Third, the qualifier appears to be equally applicable to each category of persons in the entire series of nouns because, with respect to all such persons, “the actual reasonable and necessary costs” of travel and incidental expenses expressly authorized in paragraph (9)(c) meet the description, in paragraph 9(a), of not being otherwise “provided” under section 112.061. In fact, the Legislature appears to have underscored this intent in paragraph (9)(a) by admonishing, in the very next sentence, that “[a]ll other transportation and incidental expenses pursuant to this subsection shall be as provided in s. 112.061.” Thus, it is my opinion that the County may only use tourist development tax funds to pay for transportation and other incidental expenses not otherwise permitted by section 112.061 for “travel writers, tour brokers or other persons connected with the tourist industry” when such persons are traveling pursuant to section 125.0104(9)(c).

Paragraph (9)(c) does not allow a tourist promotion agency to use tourist development tax funds to pay for the cost of travel to and from the County incurred by travel writers, tour brokers, or other persons connected with the tourist industry (when such travelers are neither performing agency duties nor serving as agency consultants or advisers) to attend promotional activities or events put on by the County’s tourist promotion agency. The cost of shared transportation used by agency officers, employees, and other authorized persons when meeting with one or more travel writers, tour brokers, or other persons connected with the tourist industry may be paid with tourist development tax funds. The cost of airfare and other transportation expenses incurred by travel writers, tour brokers, or other persons connected with the tourist industry to attend such meetings (who, in undertaking that travel, are not, themselves, fulfilling duties in furtherance of the official business of the local tourist development agency) may not.

Based on the foregoing, it is my opinion that the County may not expend tourist development tax revenue to pay the cost of travel to and from the County, including airfare, incurred by travel writers, tour brokers, and other persons connected with the tourist industry in connection with such persons’ attendance at promotional activities or events put on by the County’s tourist promotion agency.


Sincerely,


Ashley Moody
Attorney General

AM/ttlm
_________________________

1 The remaining applicable provisions of section 112.061 specify, among other things, that no request for travel to be paid for by the agency shall be authorized or approved “unless it is accompanied by a signed statement by the traveler's supervisor stating that such travel is on the official business of the state and also stating the purpose of such travel.” 112.061(3)(a), Fla. Stat. (2019). Additionally, “[t]ravel expenses of travelers shall be limited to those expenses necessarily incurred by them in the performance of a public purpose authorized by law to be performed by the agency and must be within the limitations prescribed by this section.” 112.061(3)(b), Fla. Stat. (2019).

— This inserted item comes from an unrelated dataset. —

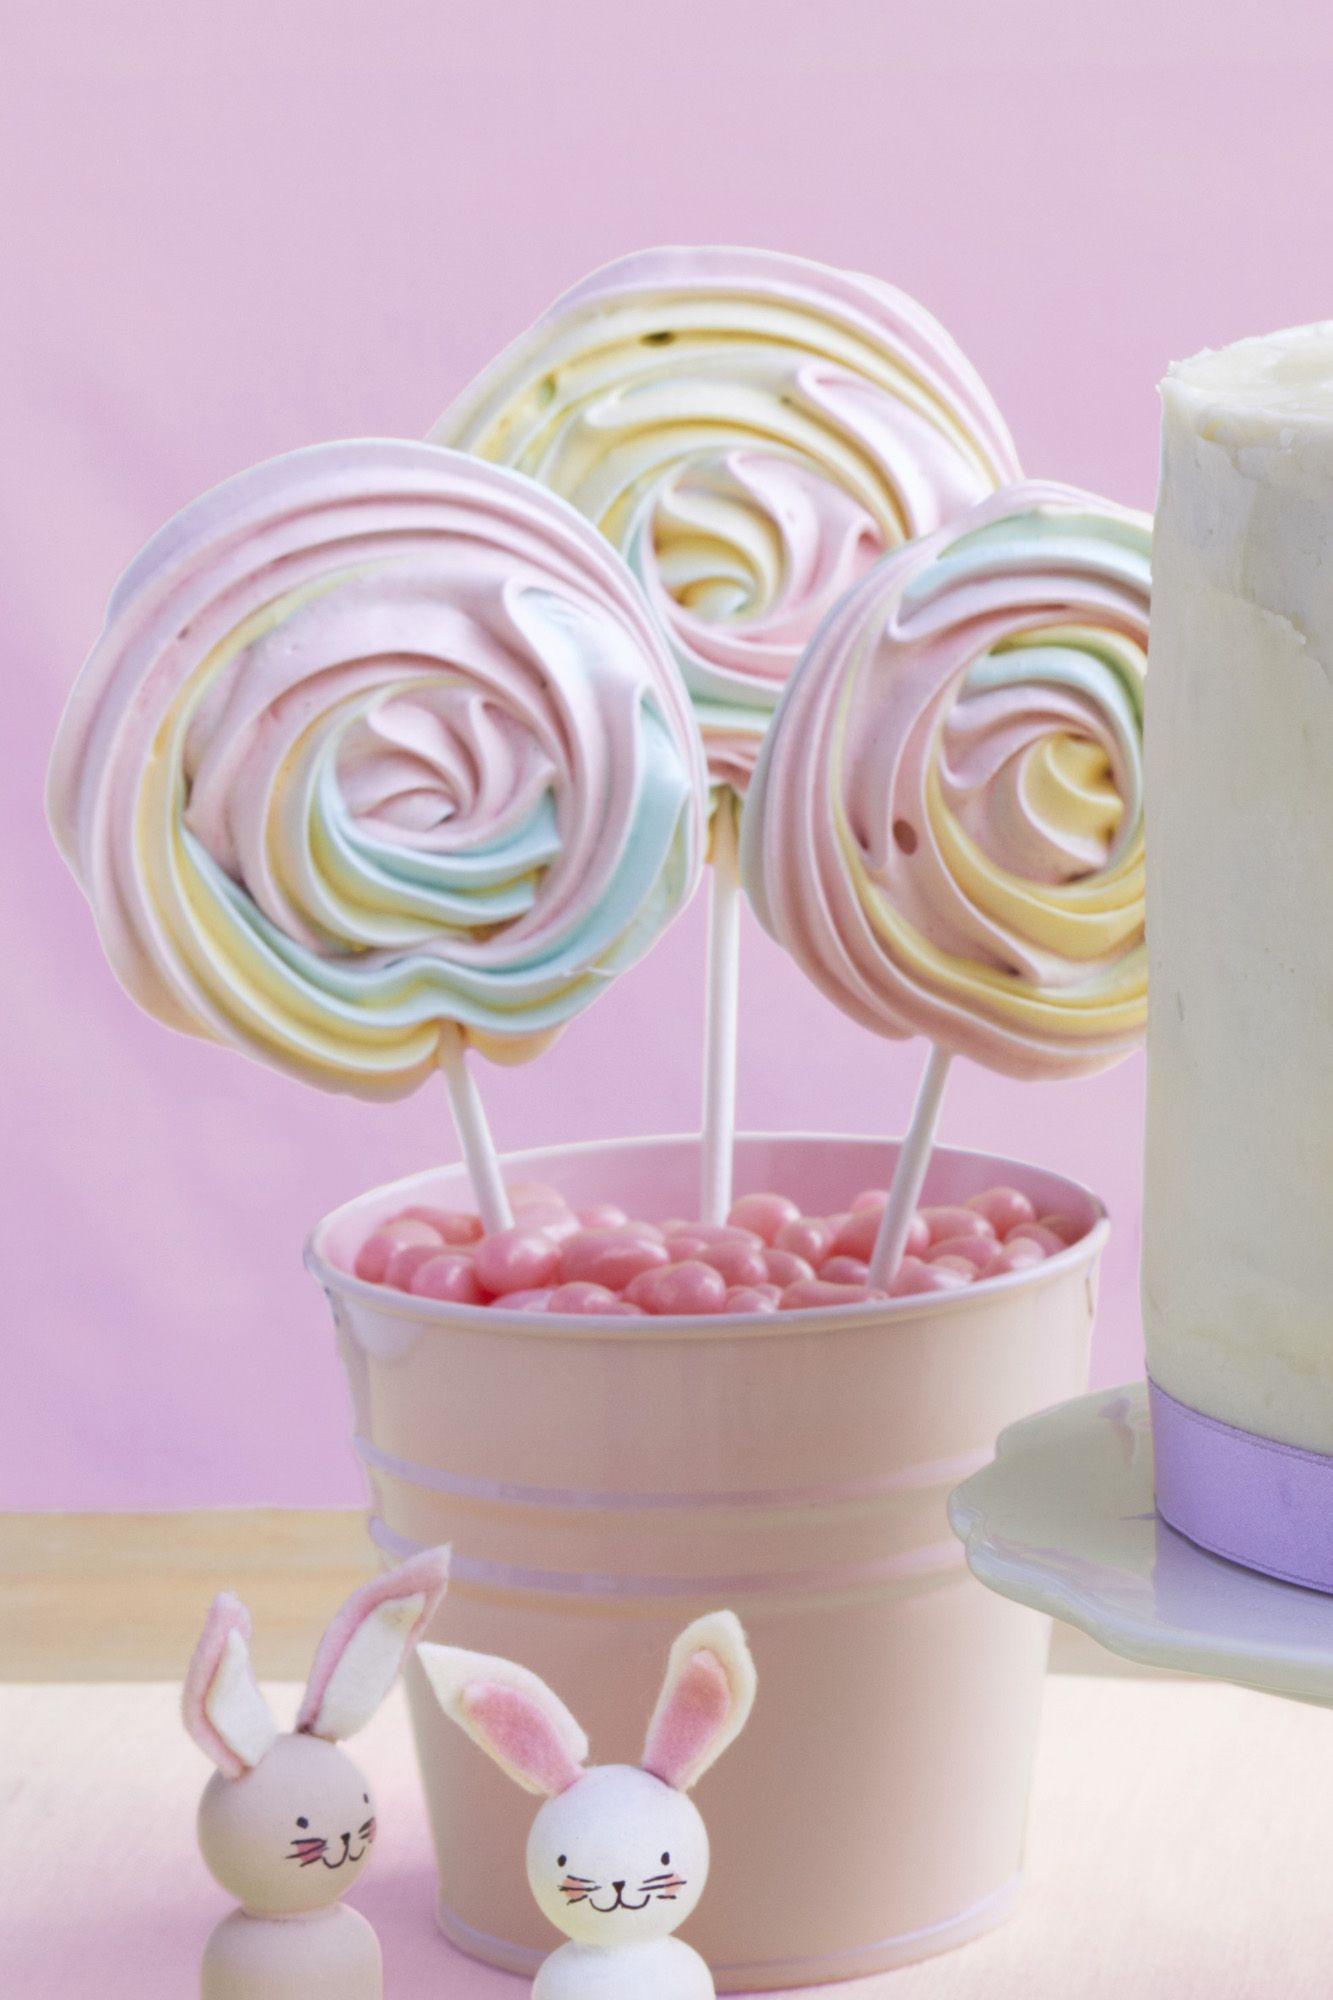 How To Make Meringue Pops Best Meringue Pops Recipe

2 Bank of New York Mellon v. Glenville, 252 So. 3d 1120, 1128 (Fla. 2018).

3 State ex rel. Owens v. Pearson, 156 So. 2d 4, 6 (Fla. 1963).

4 Kasischke v. State, 991 So. 2d 803, 812 (Fla. 2008) (quoting 2A Norman J. Singer & J.D. Shambie Singer, Statutes and Statutory Construction 47:33 (7th ed. 2007)).

5 Barnhart v. Thomas, 540 U.S. 20, 26 (2003) (quoting Nobelman v. American Savings Bank, 508 U.S. 324, 330 (1993)).

6 Kasischke, 991 So. 2d at 812 (quoting 2A Norman J. Singer & J.D. Shambie Singer, Statutes and Statutory Construction 47:33 (7th ed. 2007)).

7 Barnhart, 540 U.S at 26.

8 Id.

9 Penzer v. Transp. Ins. Co., 29 So. 3d 1000, 1007 (Fla. 2010).

10 Kasischke, 991 So. 2d at 812 (quoting Porto Rico Ry., Light & Power Co. v. Mor, 253 U.S. 345, 348 (1920)).

11 Antonin Scalia & Bryan A. Garner, Reading Law: The Interpretation of Legal Texts 147 (2012); Black's Law Dictionary (11th ed. 2019). The series-qualifier canon is also termed the ”prepositive/postpositive-qualifier canon” or the “prepositive/postpositive-modifier canon.” Id.

12 68 So. 3d 965 (Fla. 1st DCA 2011).